- _Data shown_:
⟨

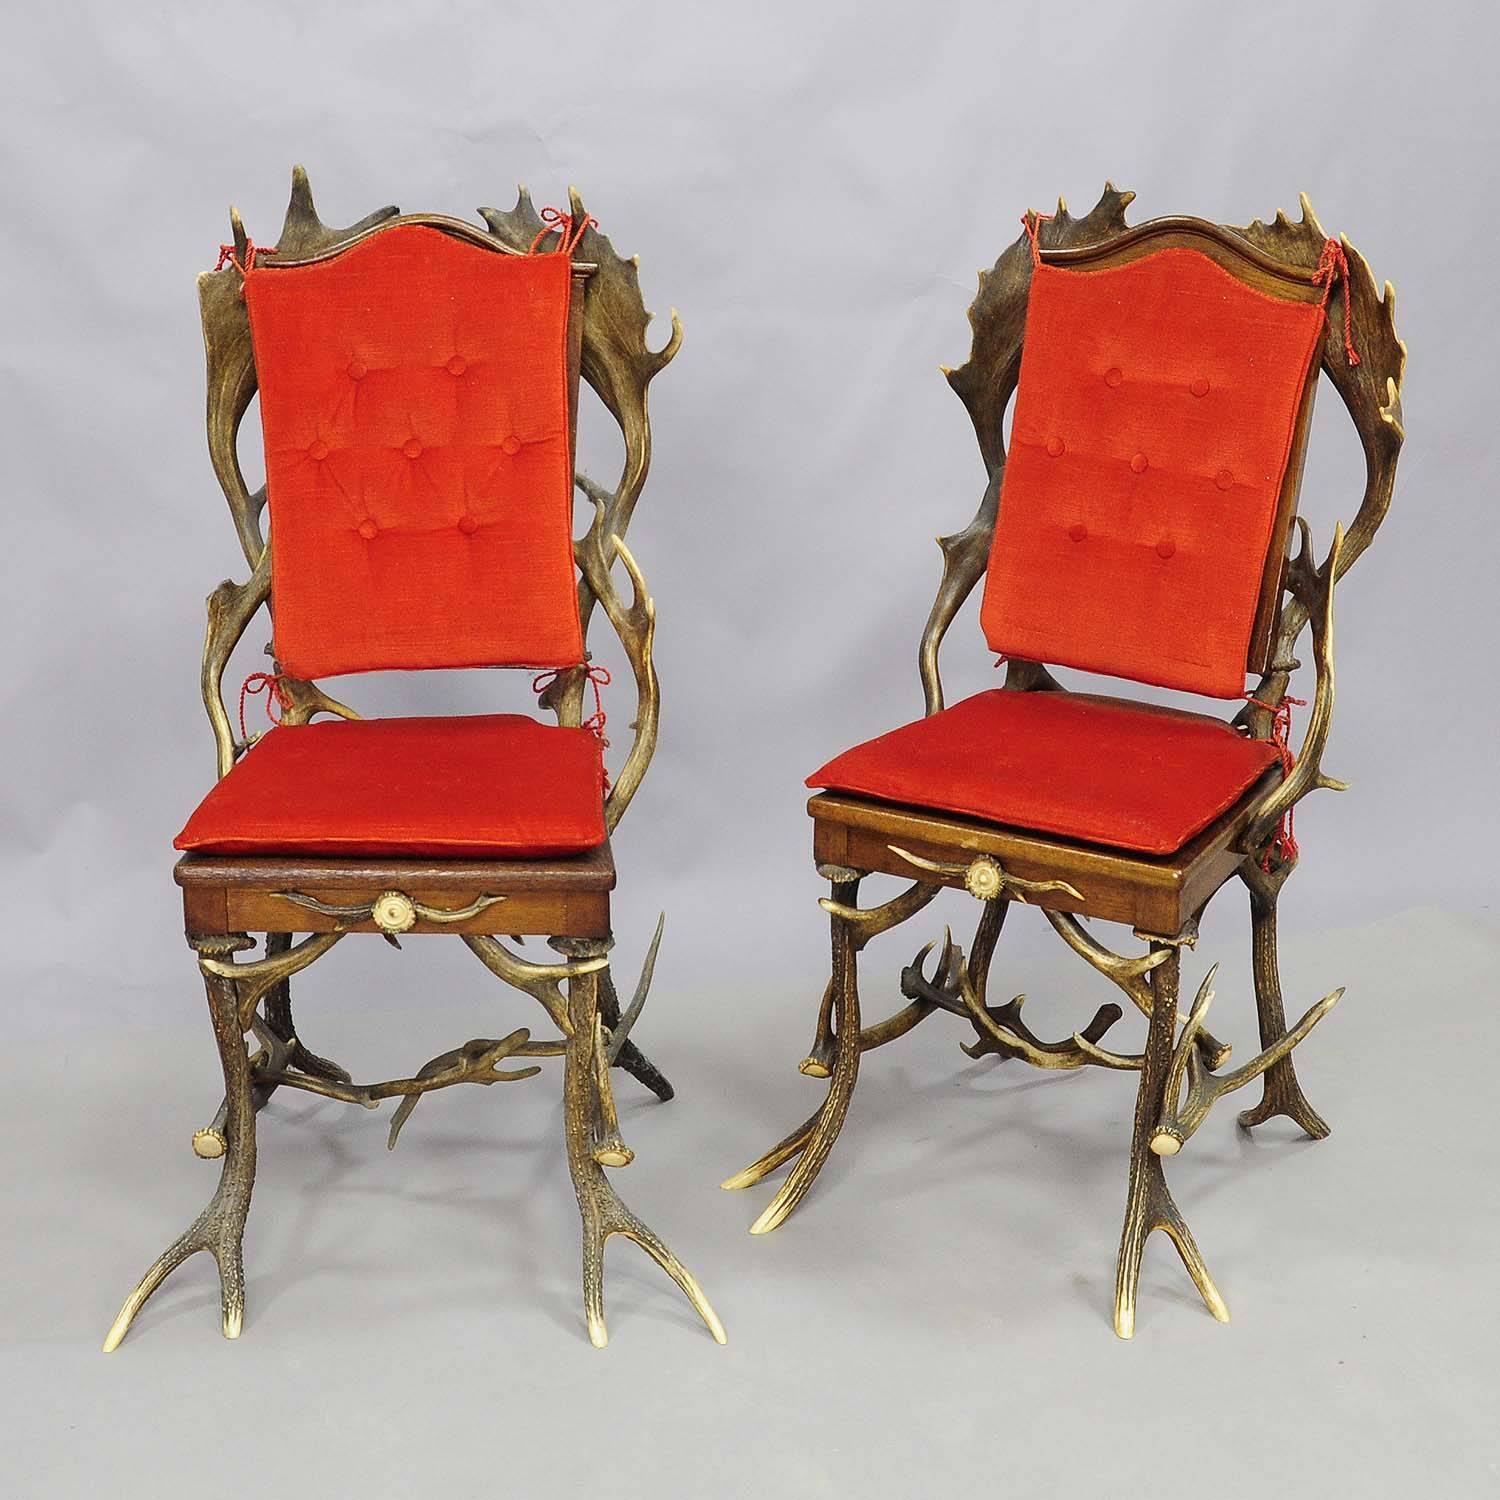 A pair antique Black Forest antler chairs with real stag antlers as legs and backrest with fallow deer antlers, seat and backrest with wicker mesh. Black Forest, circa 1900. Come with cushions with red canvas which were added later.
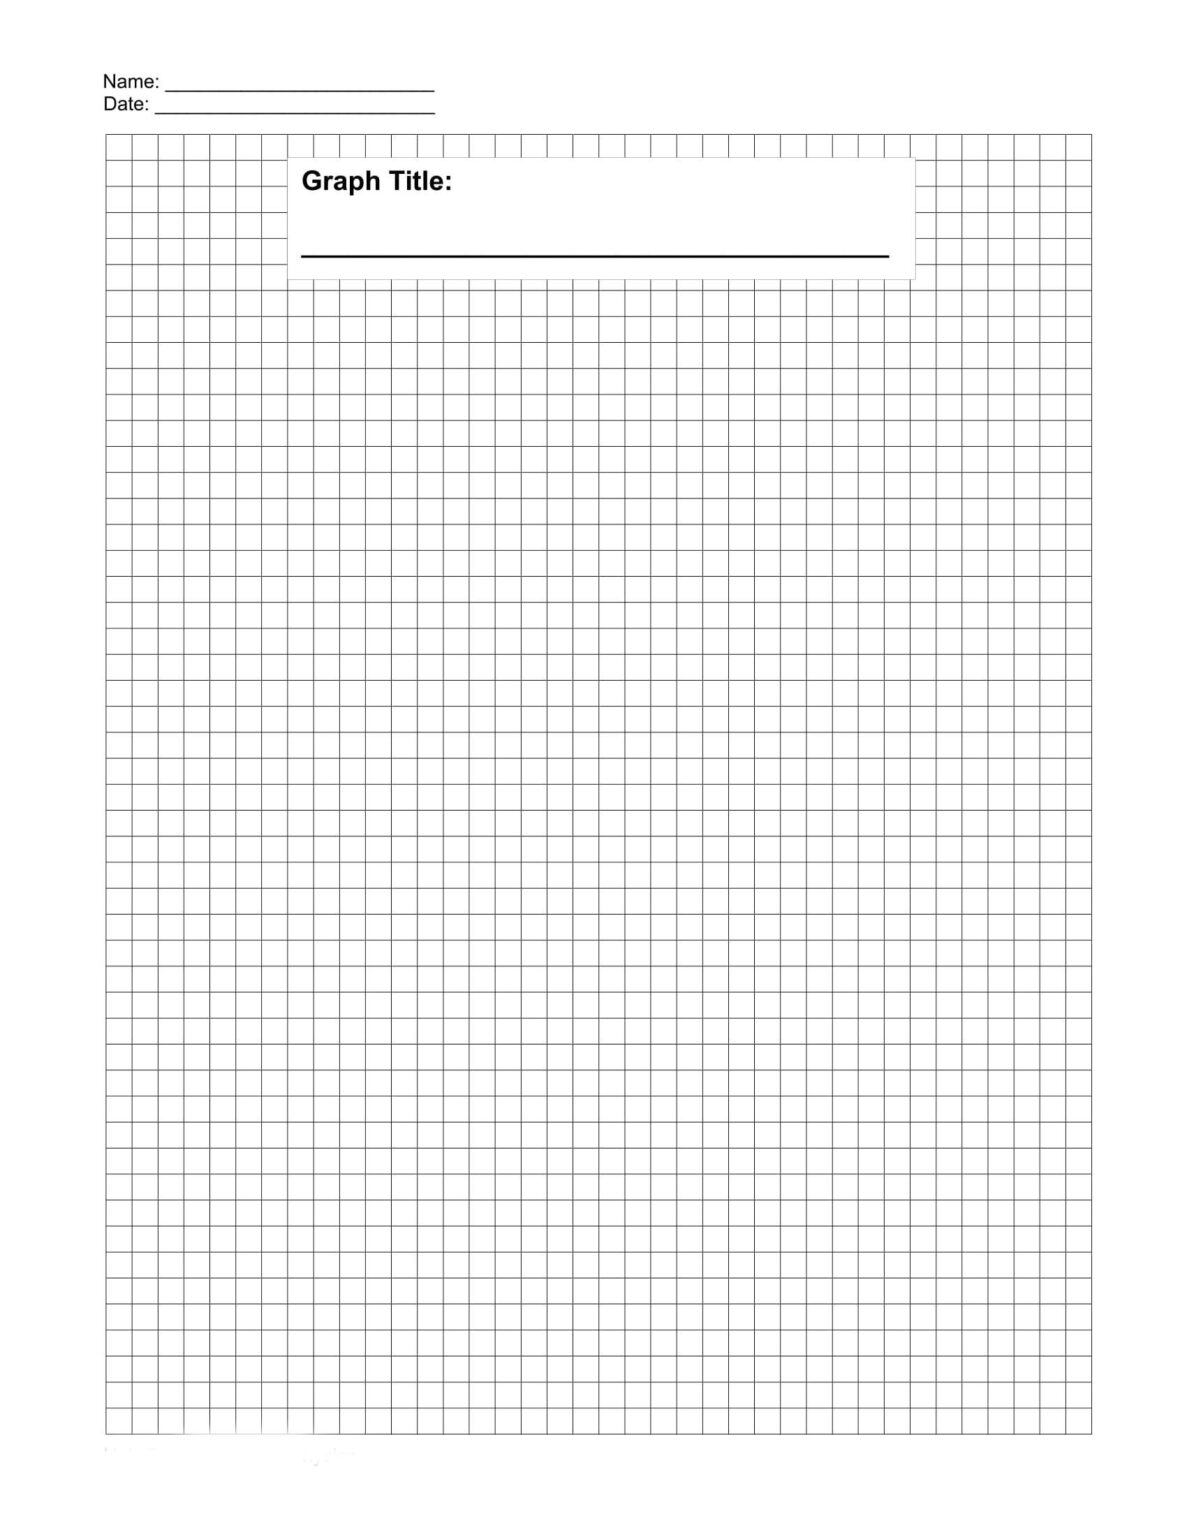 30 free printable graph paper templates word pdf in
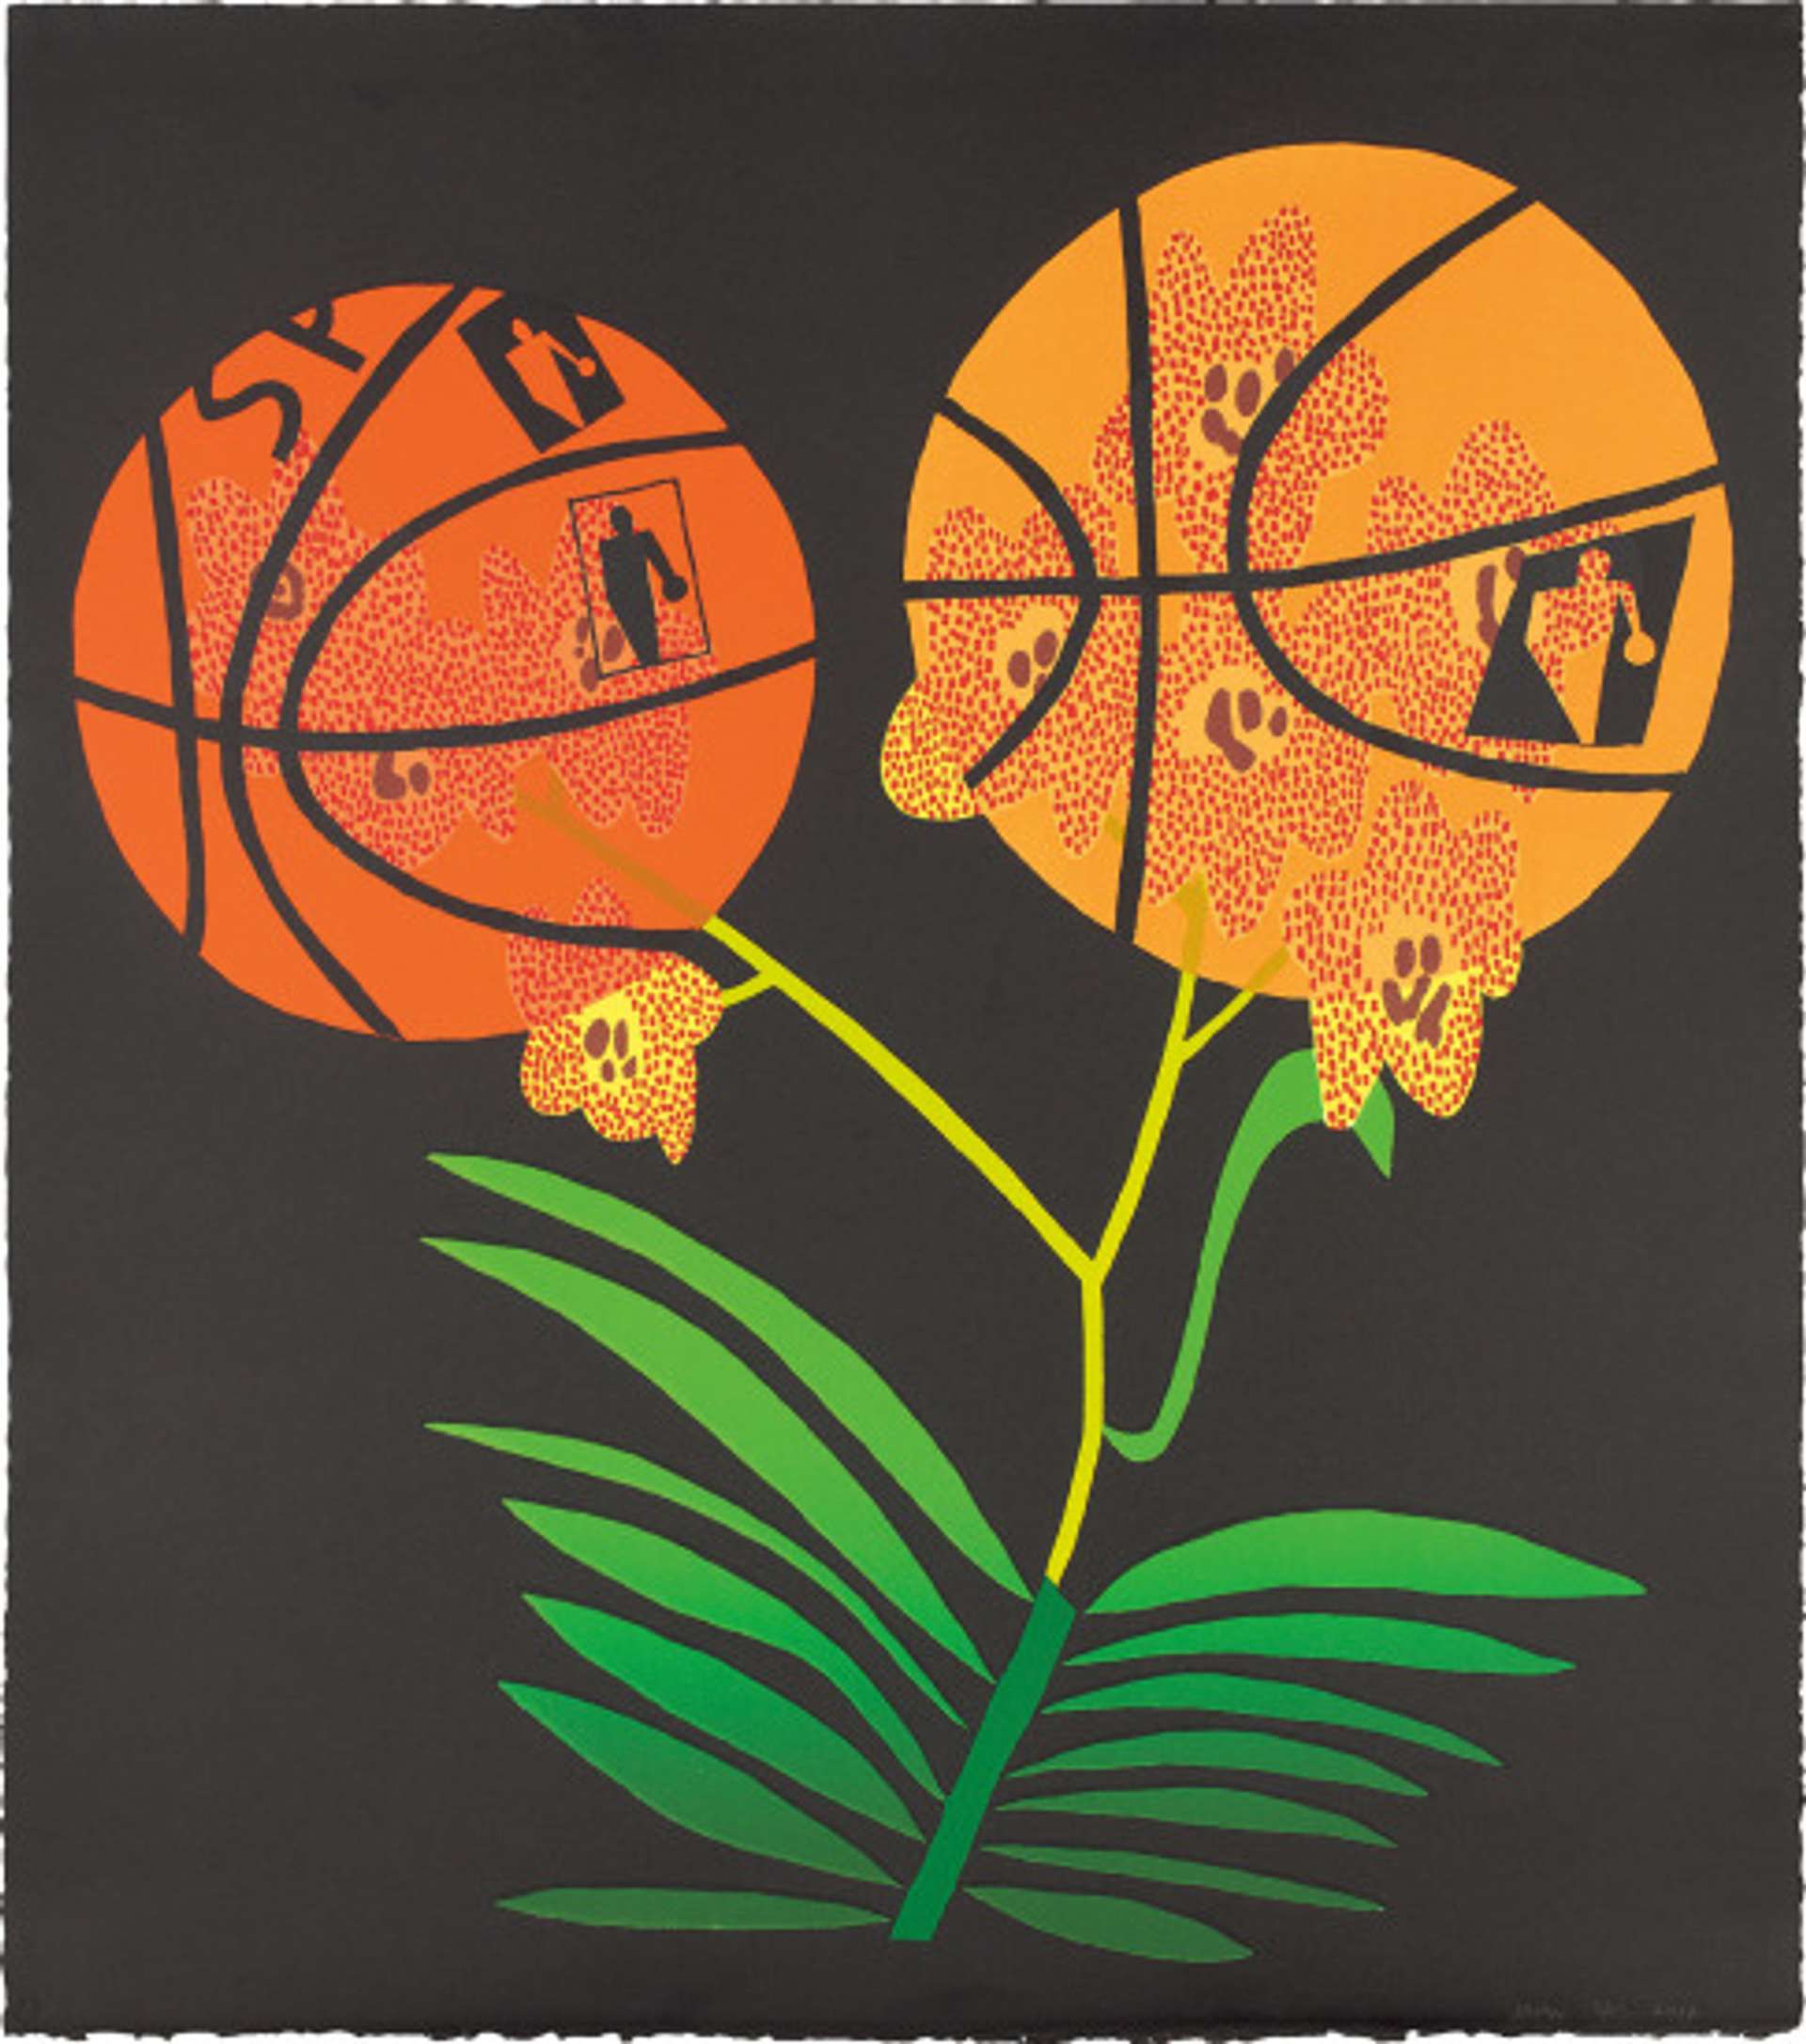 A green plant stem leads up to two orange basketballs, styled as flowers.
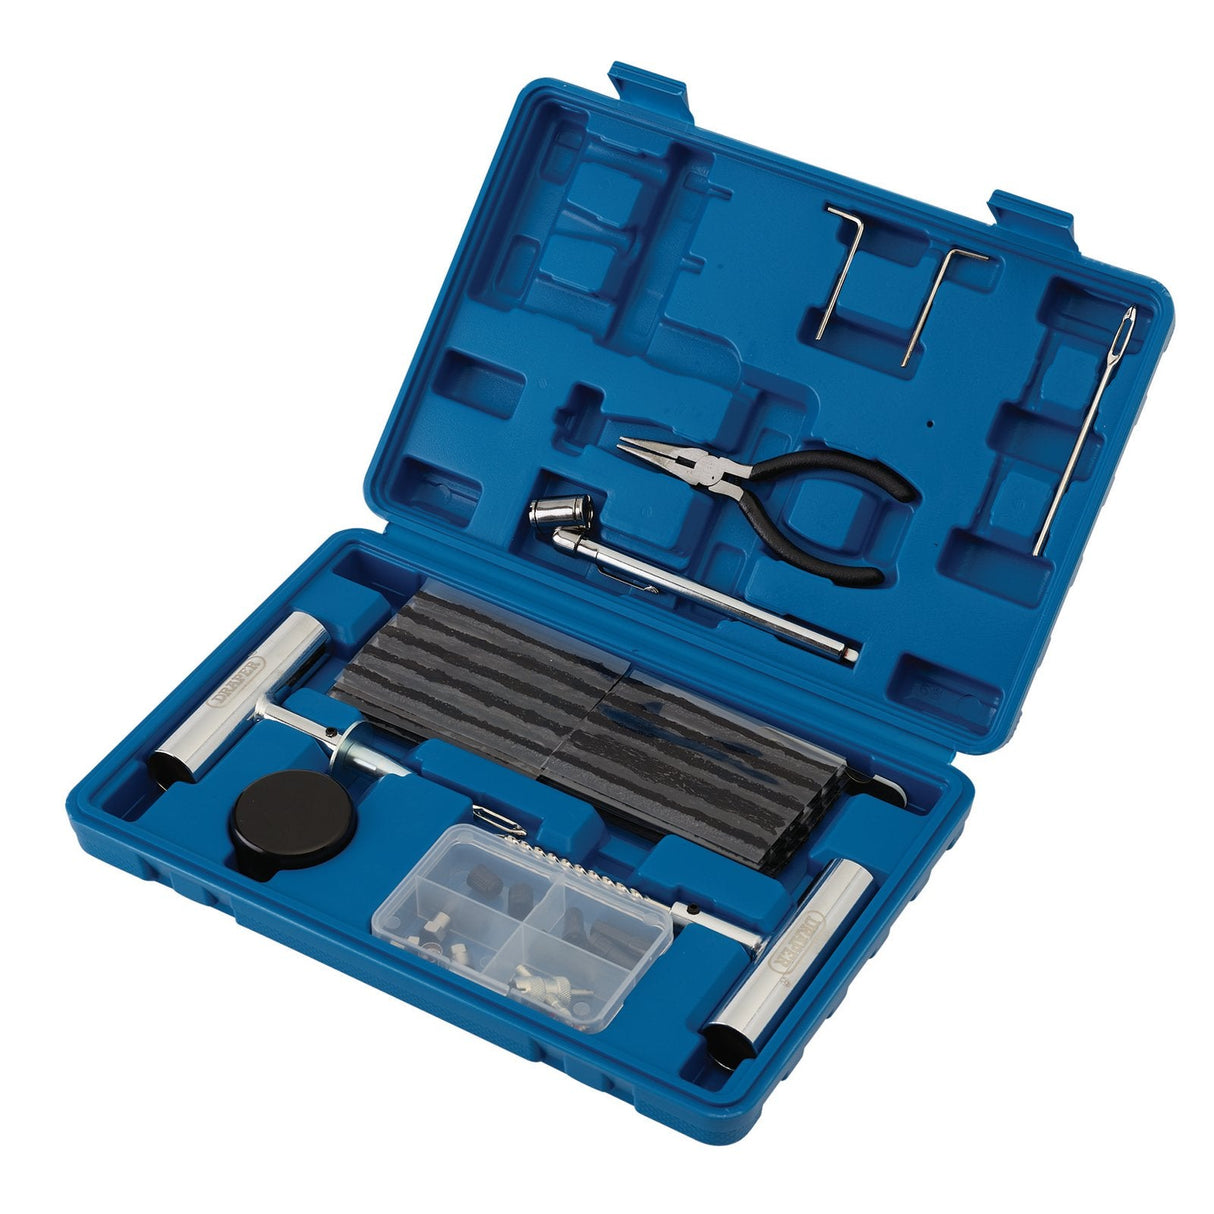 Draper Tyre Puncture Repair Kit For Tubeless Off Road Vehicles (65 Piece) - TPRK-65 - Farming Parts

⟩

- _Activity_:
Print all of the material exactly. Omit pictures.

- _Answer for this exercise_:
 A pair antique Black Forest antler chairs with real stag antlers as legs and backrest with fallow deer antlers, seat and backrest with wicker mesh. Black Forest, circa 1900. Come with cushions with red canvas which were added later.
 30 free printable graph paper templates word pdf in
 A green plant stem leads up to two orange basketballs, styled as flowers.
 Draper Tyre Puncture Repair Kit For Tubeless Off Road Vehicles (65 Piece) - TPRK-65 - Farming Parts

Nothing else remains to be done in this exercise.